**Dataset excerpt**
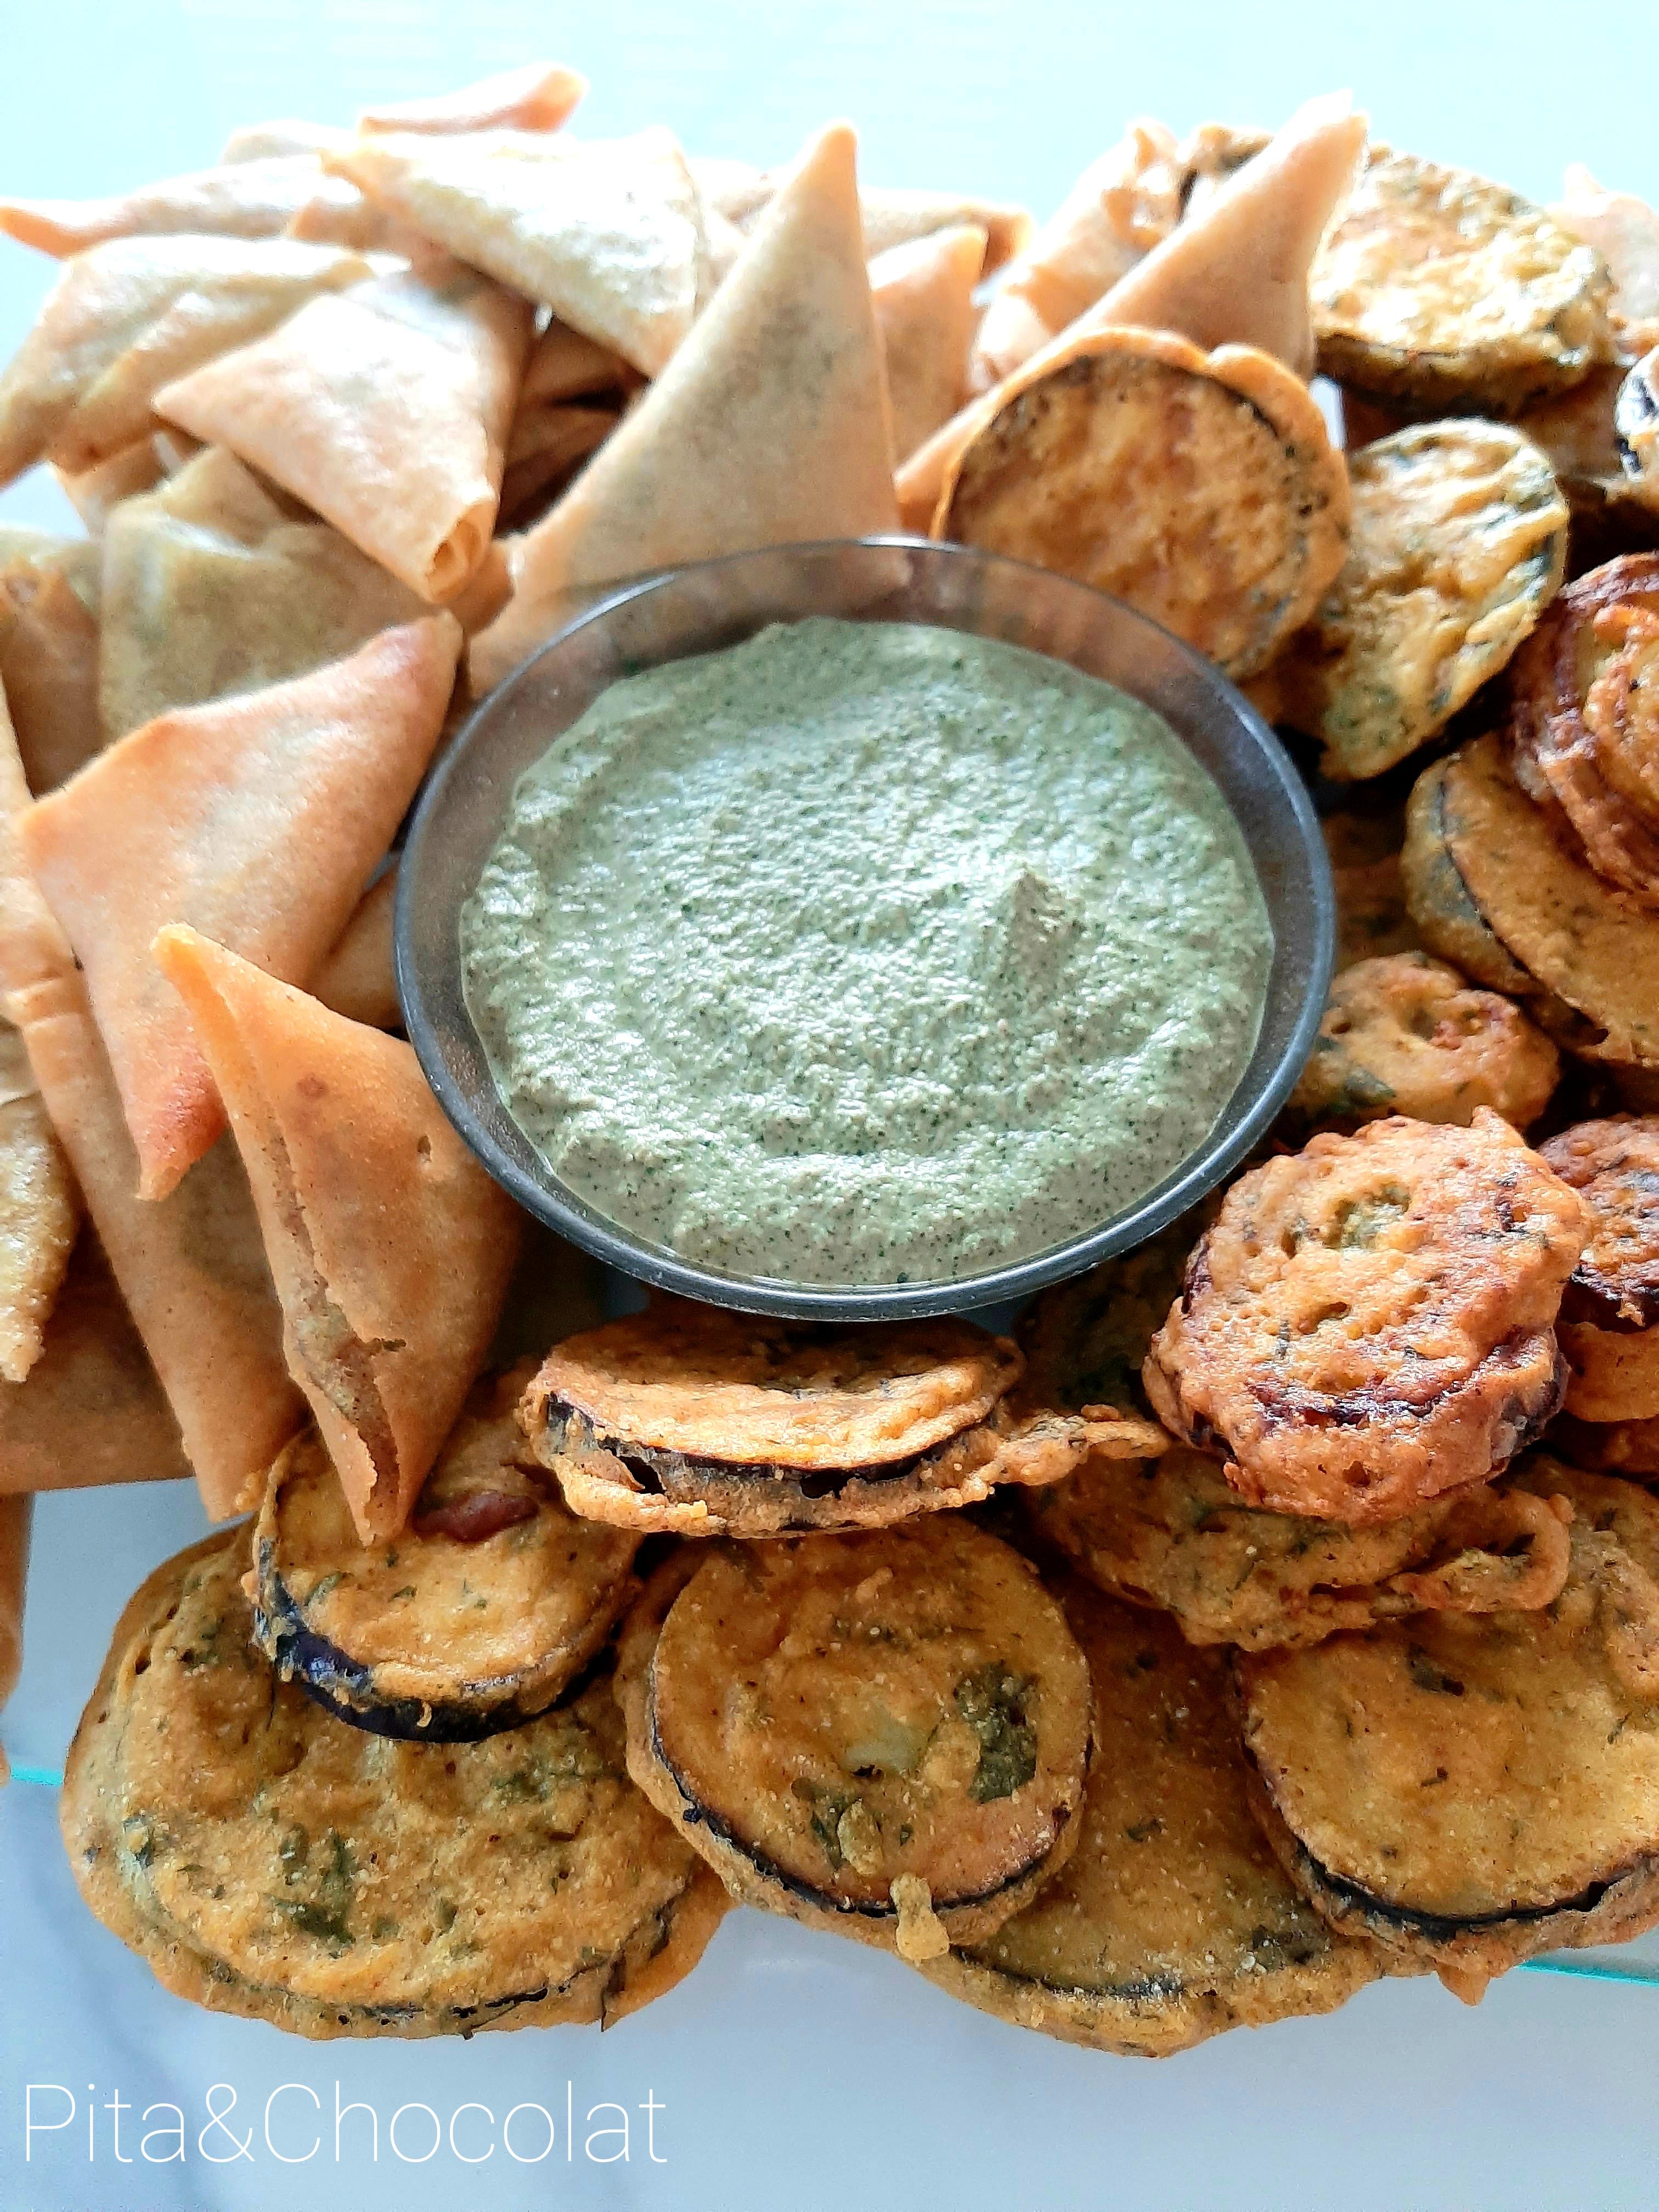 Sauce indienne - Chutney à la menthe et coriandre
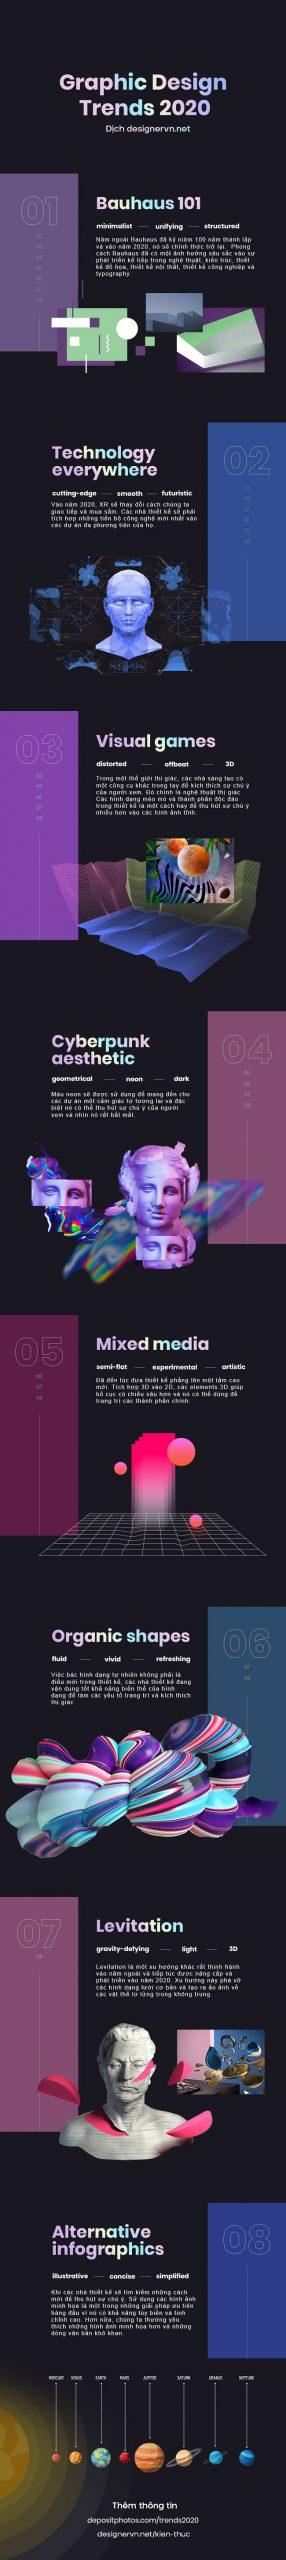 Cập nhật xu hướng Graphic Design 2020
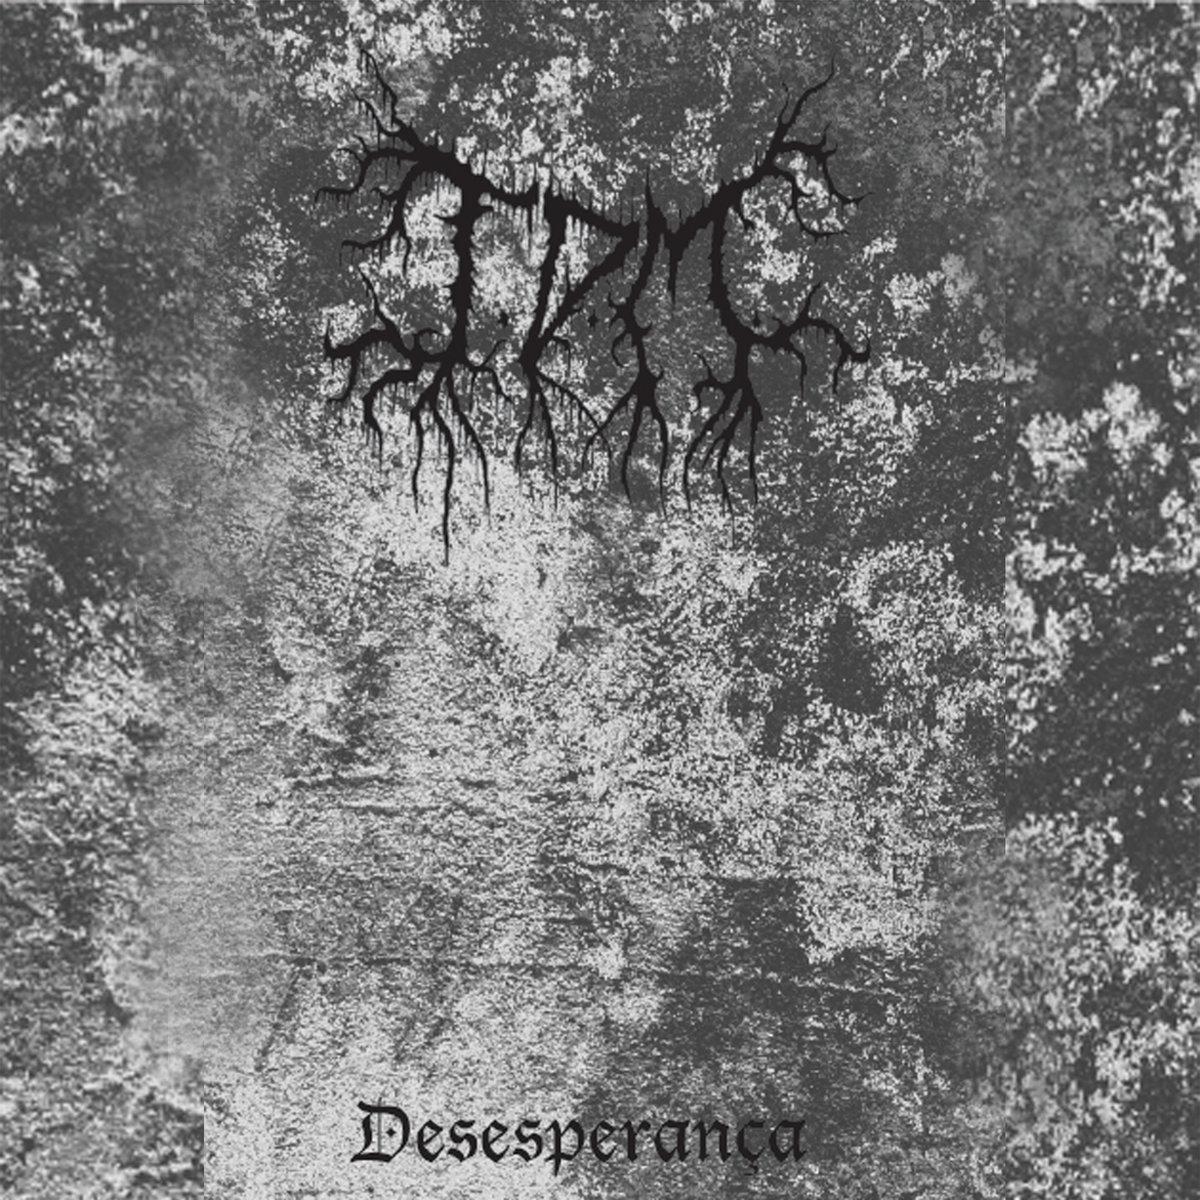 """Triunfo da Morte <br/> """"Desesperança""""<br/> cassete, 2018"""
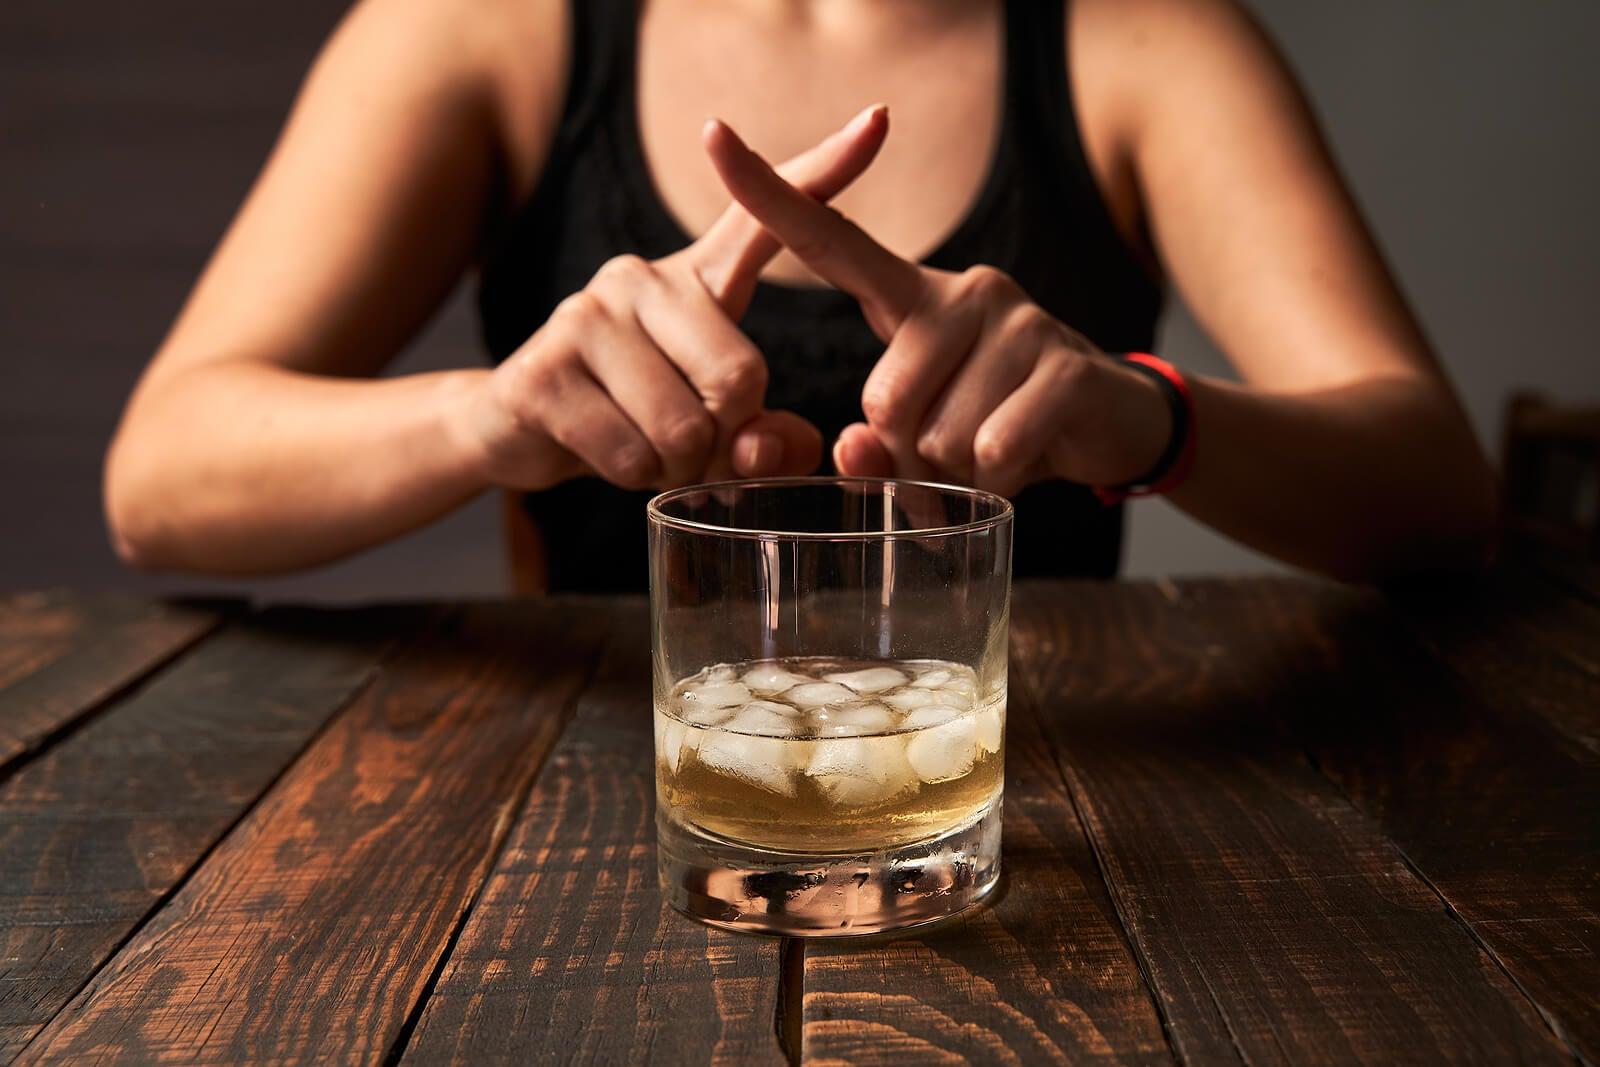 نصائح للعناية بالبنكرياس: لا تستهلك الكحول.

**Task to carry out**
Return the material as it stands. Leave out the pictures.

**Answer to the exercise**
 Sauce indienne - Chutney à la menthe et coriandre
 Cập nhật xu hướng Graphic Design 2020
 """Triunfo da Morte <br/> """"Desesperança""""<br/> cassete, 2018"""
 نصائح للعناية بالبنكرياس: لا تستهلك الكحول.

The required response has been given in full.